‘As a treatment, it is remarkably successful. Perhaps the greatest tribute to the people who work in critical care is this simple fact: most people leave intensive care alive – despite being dangerously close to death when they arrive. Through a combination of dedication, decision-making and technology, critical care staff ensure that most people pull through. This is the result of years of careful research that has focused clinical practice on restoring the body\’s functioning as quickly and efficiently as possible.
But recently there has been a dawning realisation that the impact of intensive care extends beyond the survival of the body. Dorothy Wade is based at University College Hospital in London and is one of the country’s few intensive care psychologists. She led a recent study which found that more than half of patients assessed at follow-up had marked psychological difficulties. “We learned that patients were suffering from serious depression or having frightening flashbacks and nightmares to their time in intensive care,” says Wade. “This badly affected their quality of life and also held back their physical recovery from their illness.”
In another study, recently submitted for publication, Wade interviewed patients about the hallucinations and delusions they experienced while in intensive care. One patient reported seeing puffins jumping out of the curtains firing blood from guns, another began to believe that the nurses were being paid to kill patients and zombify them. The descriptions seem faintly amusing at a distance, but both were terrifying at the time and led to distressing intrusive memories long after the patients had realised their experiences were illusory.
Many patients don’t mention these experiences while in hospital, either through fear of sounding mad, or through an inability to speak – often because of medical breathing aids, or because of fears generated by the delusions themselves.
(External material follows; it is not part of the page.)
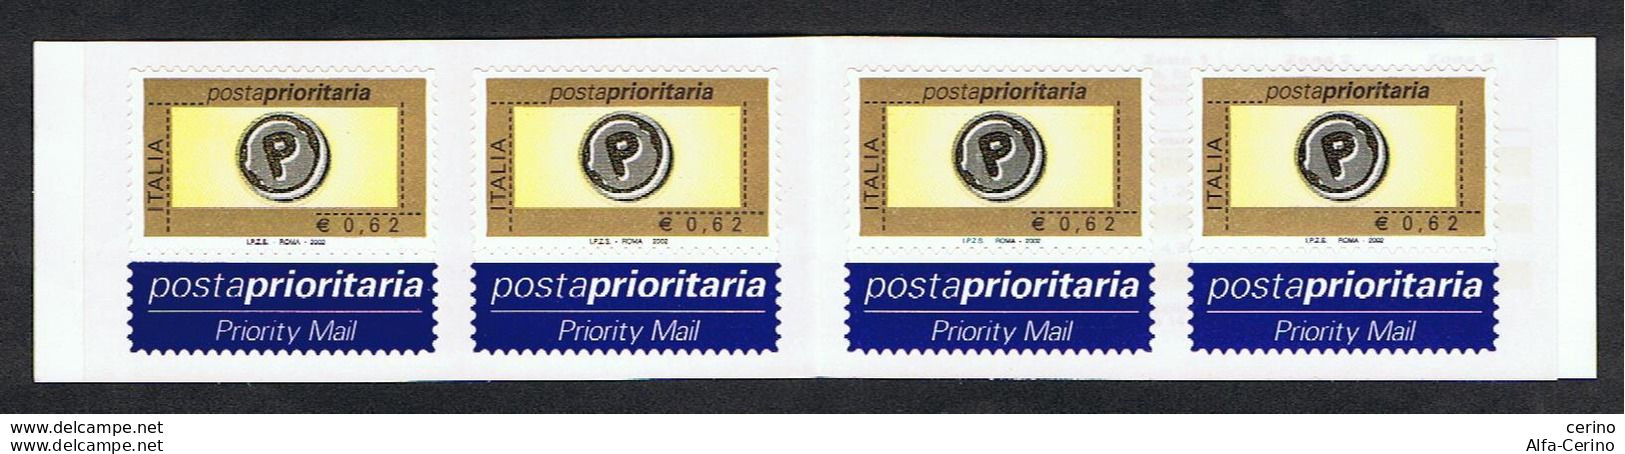 REPUBBLICA:  2002  LIBRETTO  POSTA  PRIORITARIA  -  €. 0,62 X 4  POLICROMO  -  SASS. 24 - Carnets
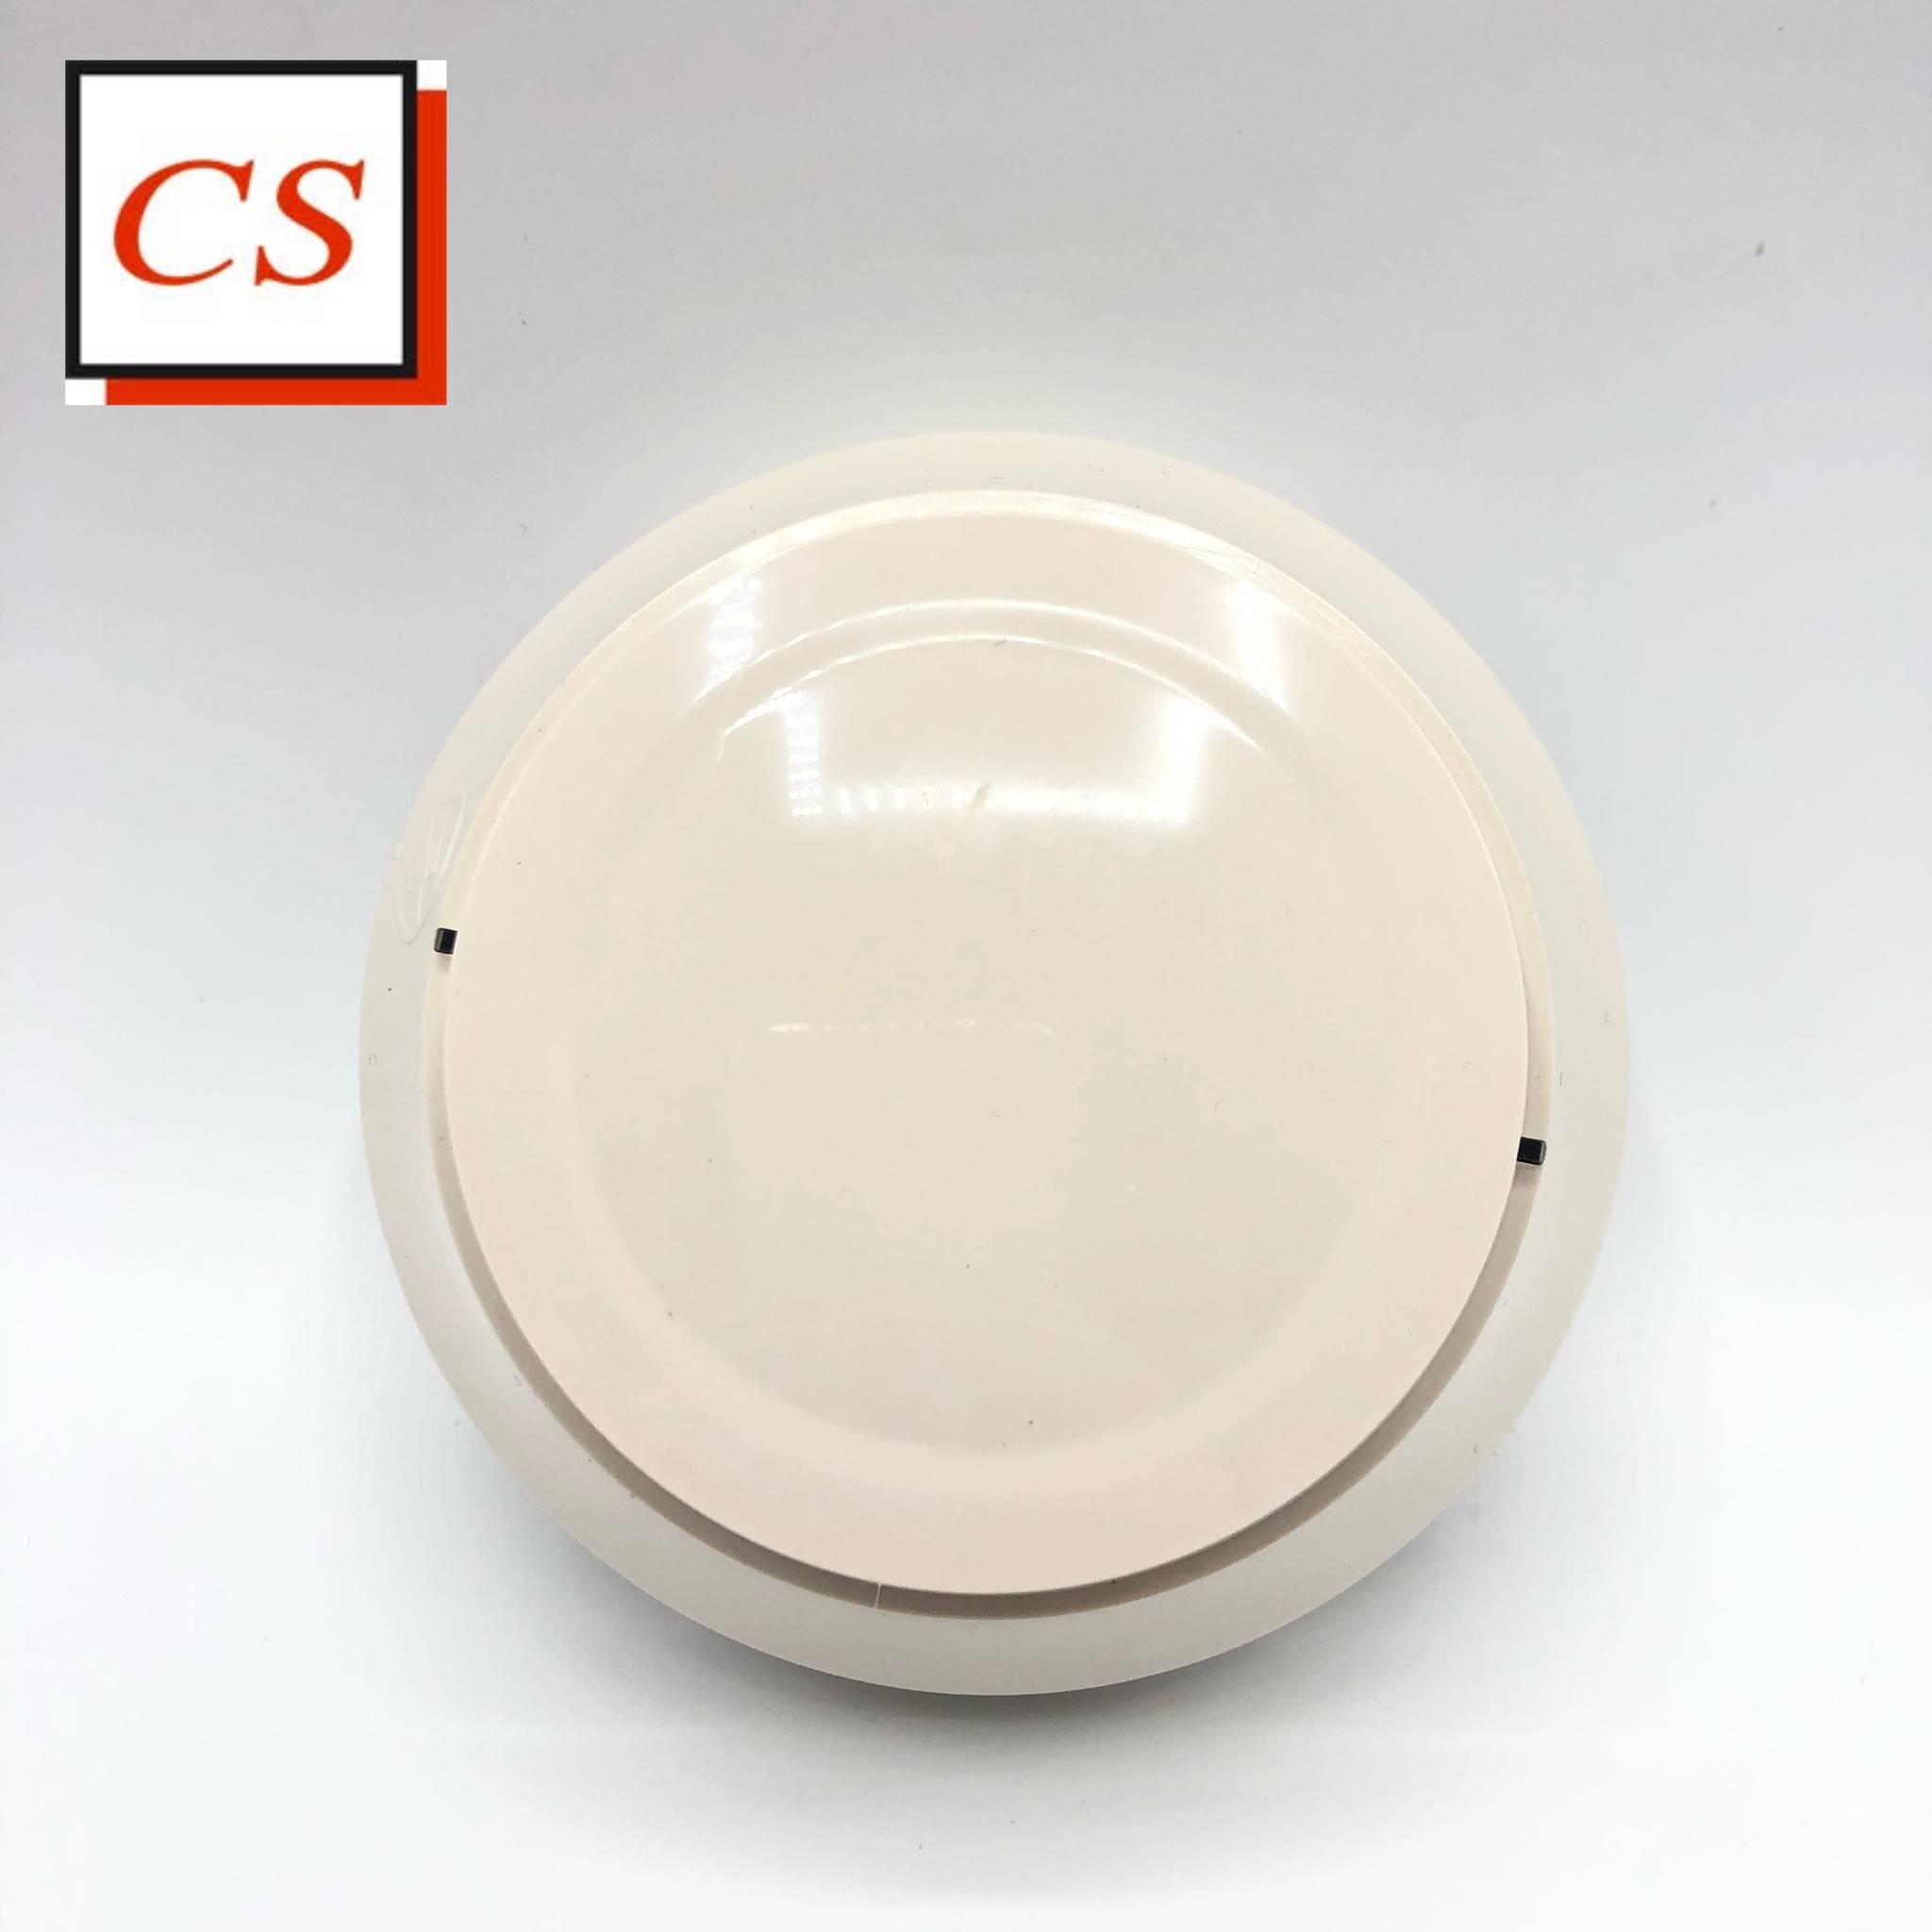 Addressable Smoke Detector อุปกรณ์ตรวจจับควัน ยี่ห้อ Notifier Model: FSP-951

After all, who would you talk to in a zombie factory?
These experiences can be caused by the effect of serious illness on the brain, but painkilling and sedating drugs play a part and are now used only where there is no alternative. Stress also adds to the mix but is often caused inadvertently by the way intensive care wards are organised. “If you think about the sort of things used for torture,” says Hugh Montgomery, a professor of intensive care medicine at UCL, “you will experience most of them in intensive care. As a patient, you are often naked and exposed, you hear alarming noises at random times, your sleep-wake cycle is disrupted by being woken up for medical procedures through the night, you will be given drugs that could disorient you, and you will be regularly exposed to discomfort and feelings of threat.” — Vaughan Bell (The Observer).